Typically even if there is a zero percent deal on the card, they still charge the balance transfer fee. Usually 3-5% of the transfer amount.


----------



## Al B Thayer (Dec 10, 2011)

Doomi said:


> Typically even if there is a zero percent deal on the card, they still charge the balance transfer fee. Usually 3-5% of the transfer amount.


Pennies on the dollar. 18% is a great amount to not have to pay. Shoot even 9% is nice to not have to pay. I just don't understand why it's so easy to buy a car on time and have it end up in the junk pile but not good tools that last a life time and cost far less.

Al

Friends don't let friends use stamped metal tools sold at clothing stores.


----------



## ryan50hrl (Jun 30, 2012)

Al B Thayer said:


> Buy a $20,000 car and pay on it for 5 years. After the 5 years try to sell it and see what it's worth. $1500 is about all it will be worth. .

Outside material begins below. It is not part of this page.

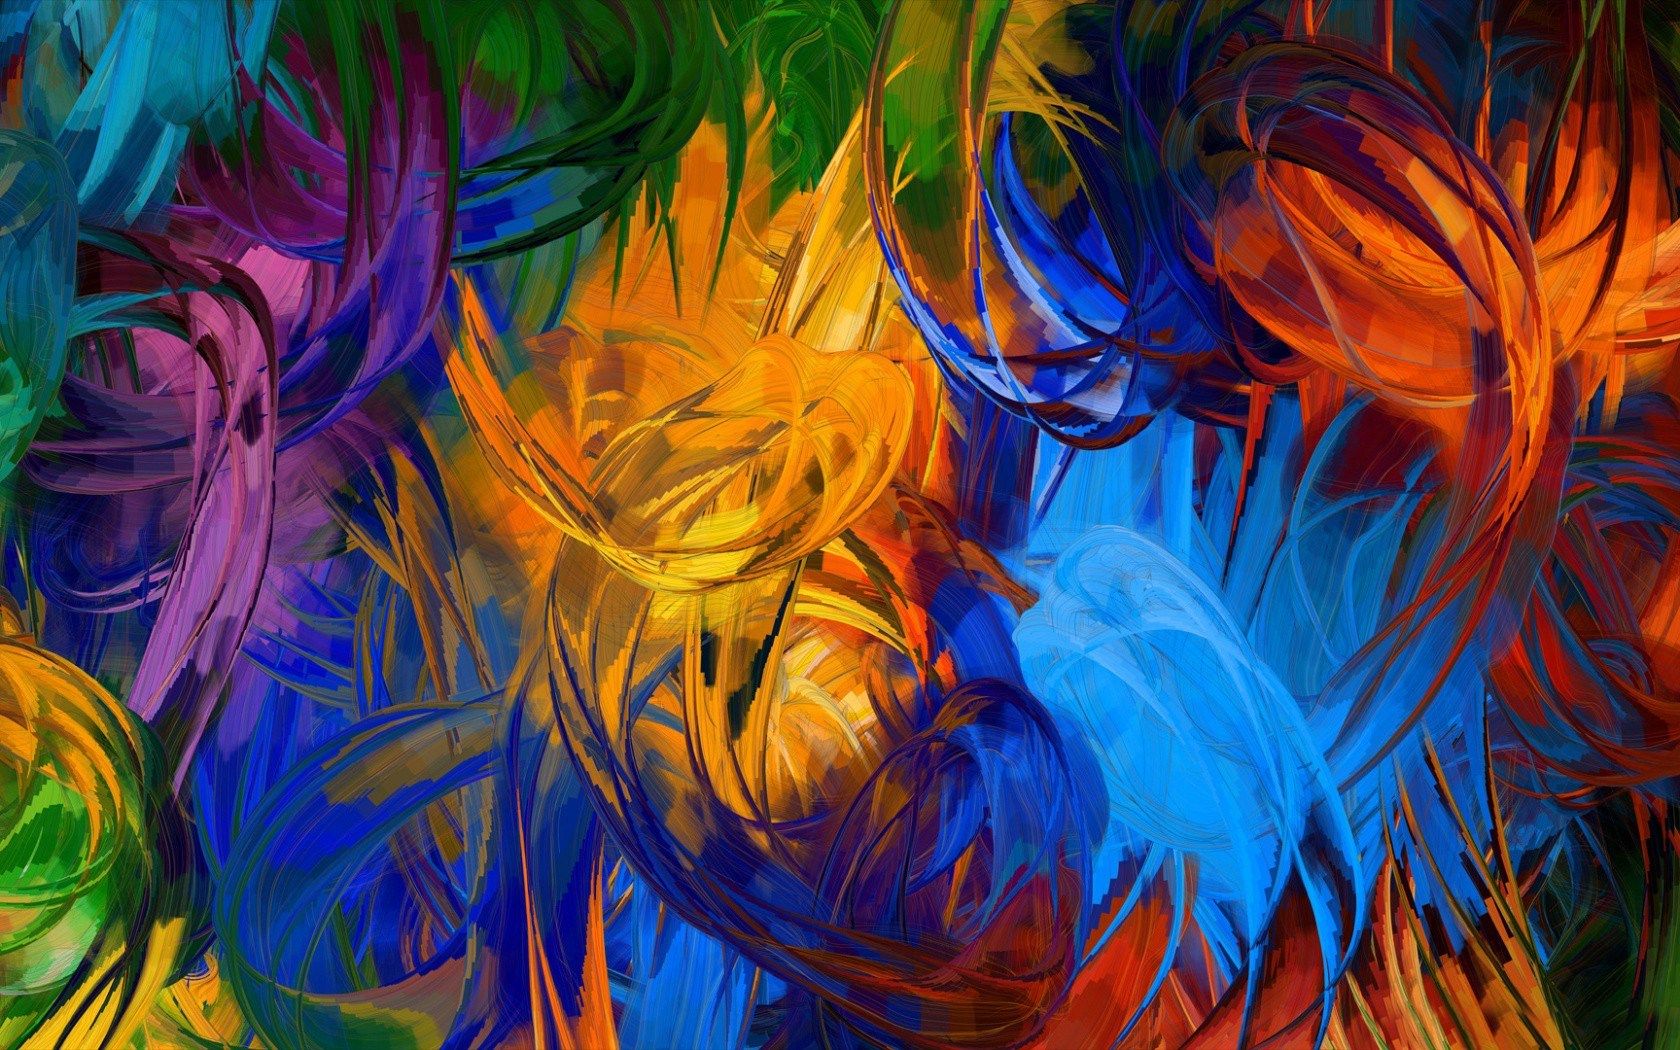 Abstract Paintings Art - wallpaper.

I just sold my wife's 12 year old grand am for 3000.....


----------



## Al B Thayer (Dec 10, 2011)

ryan50hrl said:


> I just sold my wife's 12 year old grand am for 3000.....


See what I mean. 

Al

Friends don't let friends use stamped metal tools sold at clothing stores.


----------



## ryan50hrl (Jun 30, 2012)

Al B Thayer said:


> See what I mean. Al Friends don't let friends use stamped metal tools sold at clothing stores.

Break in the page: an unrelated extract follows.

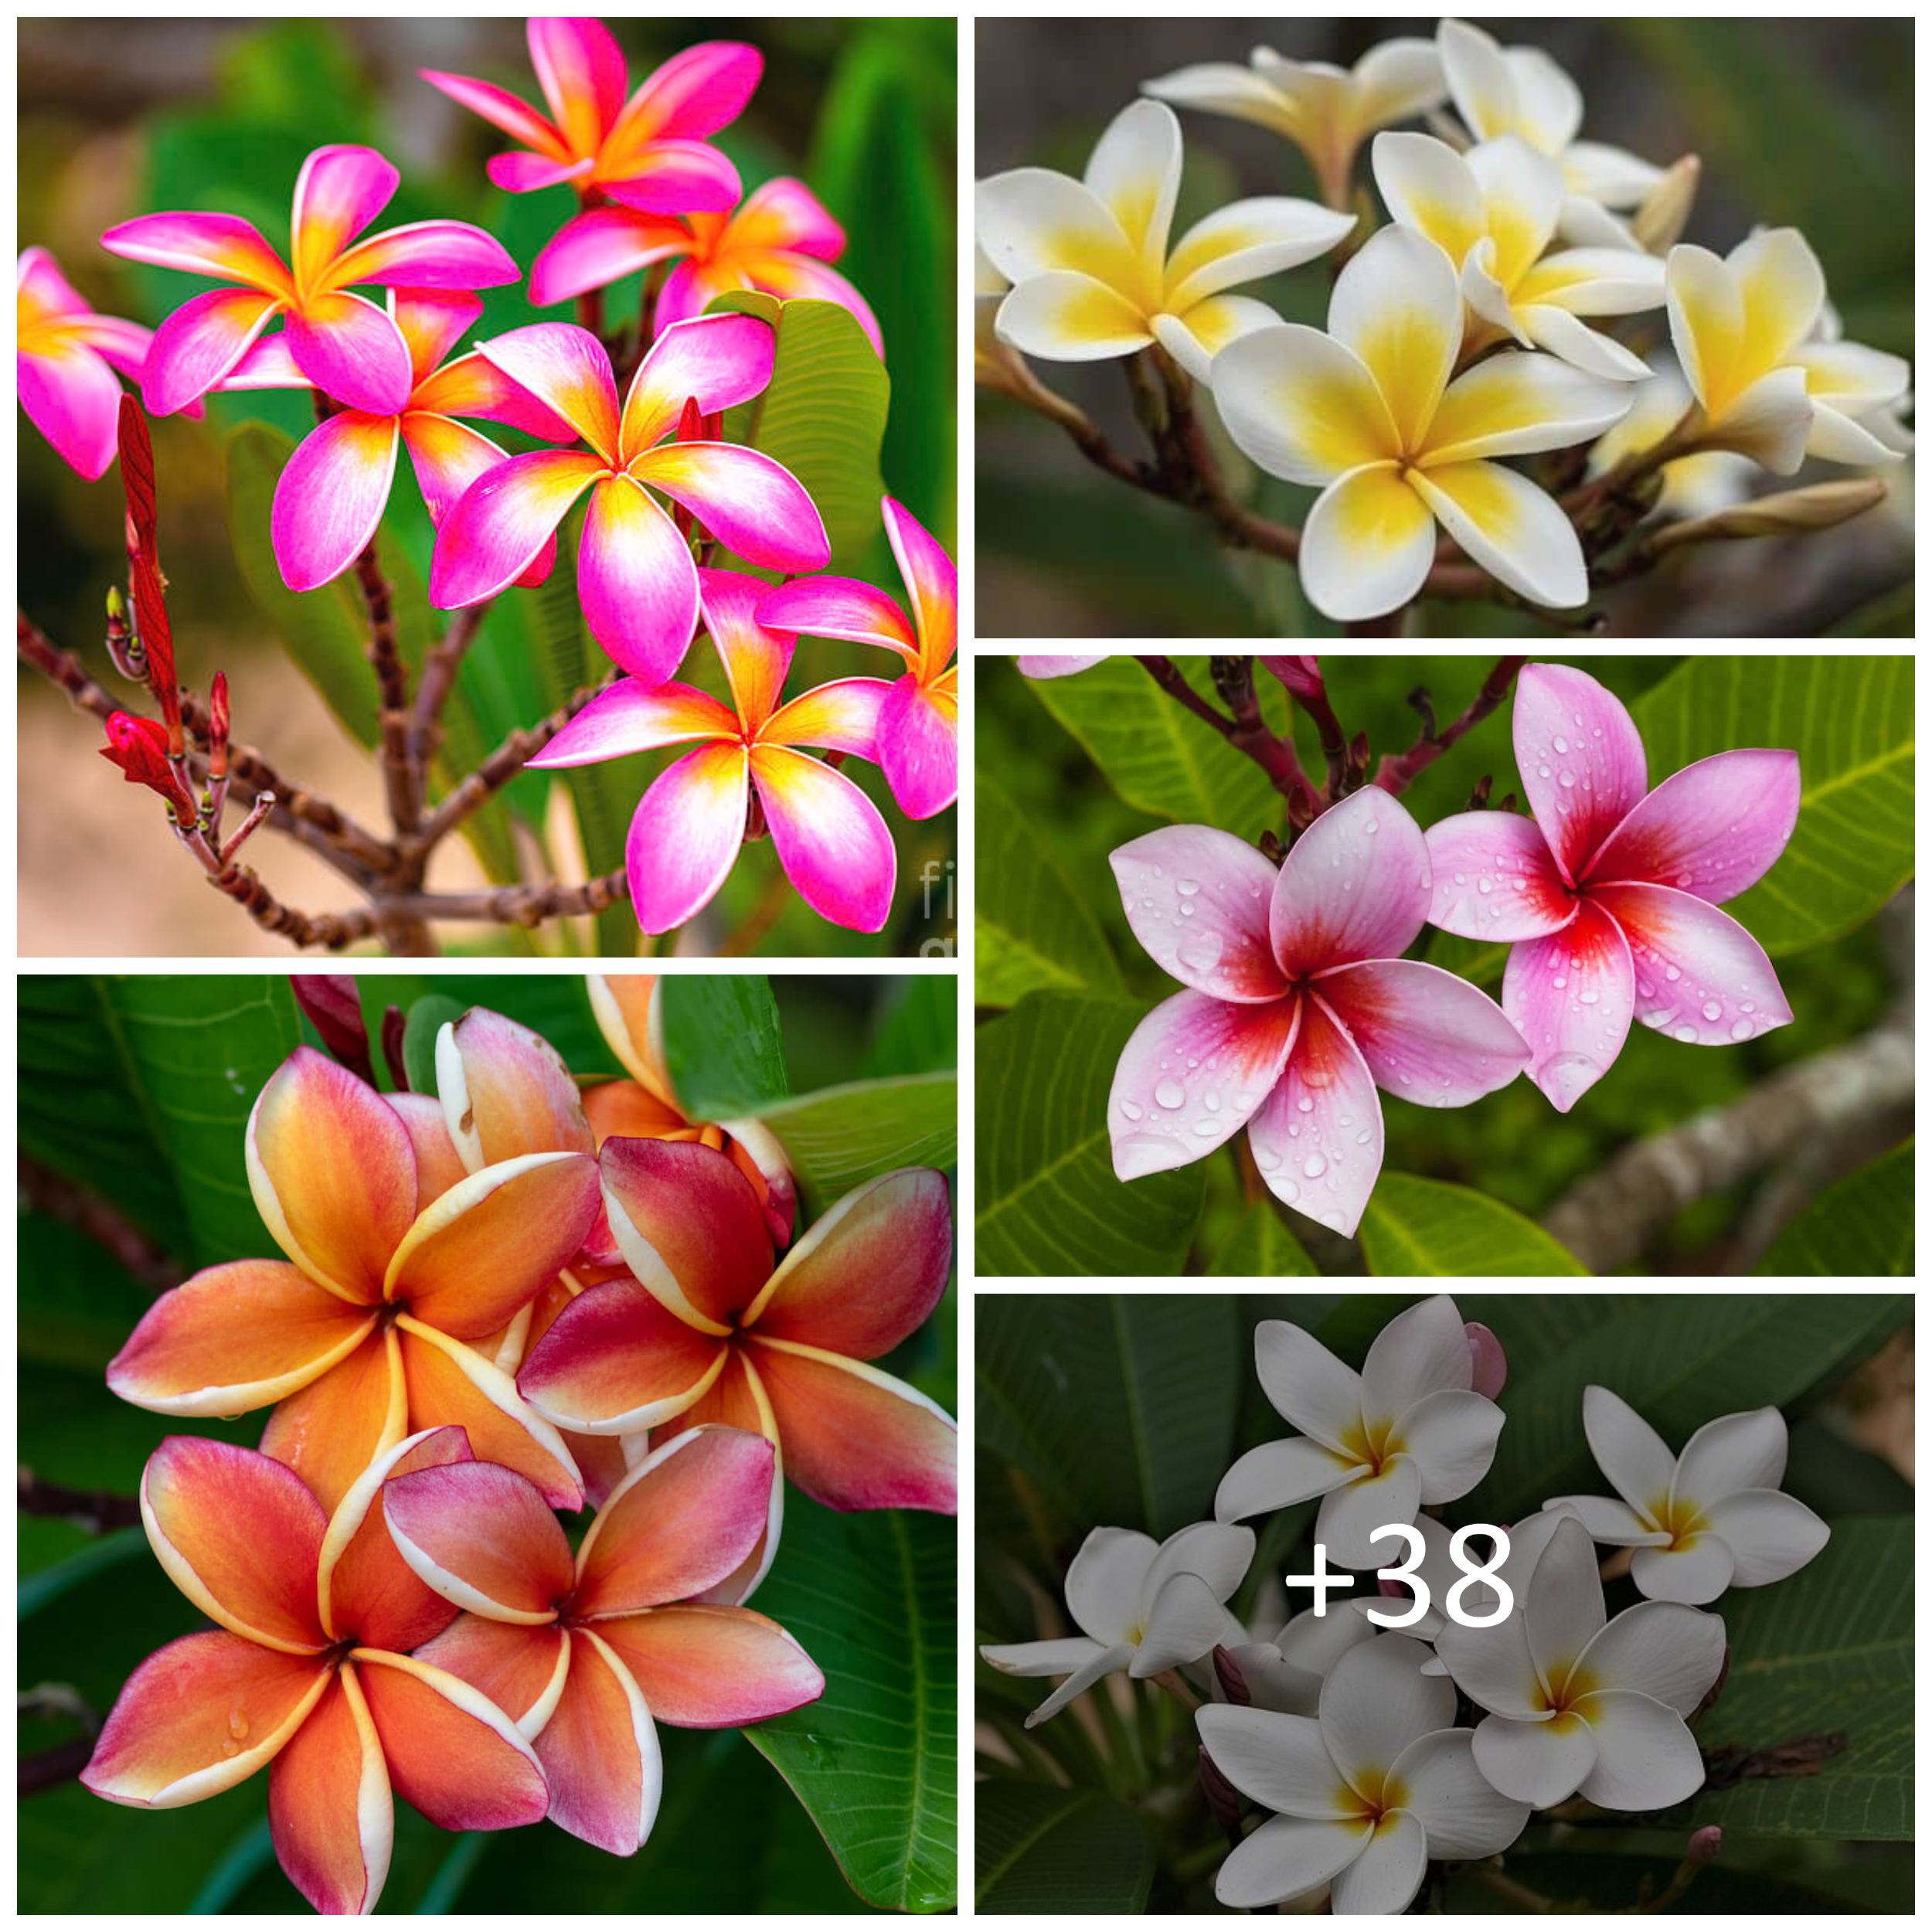 How to grow and care for frangipanis

But we drove 150k miles with it...I'd say we got every penny out of it....

I


----------



## Al B Thayer (Dec 10, 2011)

ryan50hrl said:


> But we drove 150k miles with it...I'd say we got every penny out of it....
> 
> I


Well I have had my TS for 25+ years. Still as good as the day I bought it. It's a very good investment and one I wish other woodworkers understood and took advantage of.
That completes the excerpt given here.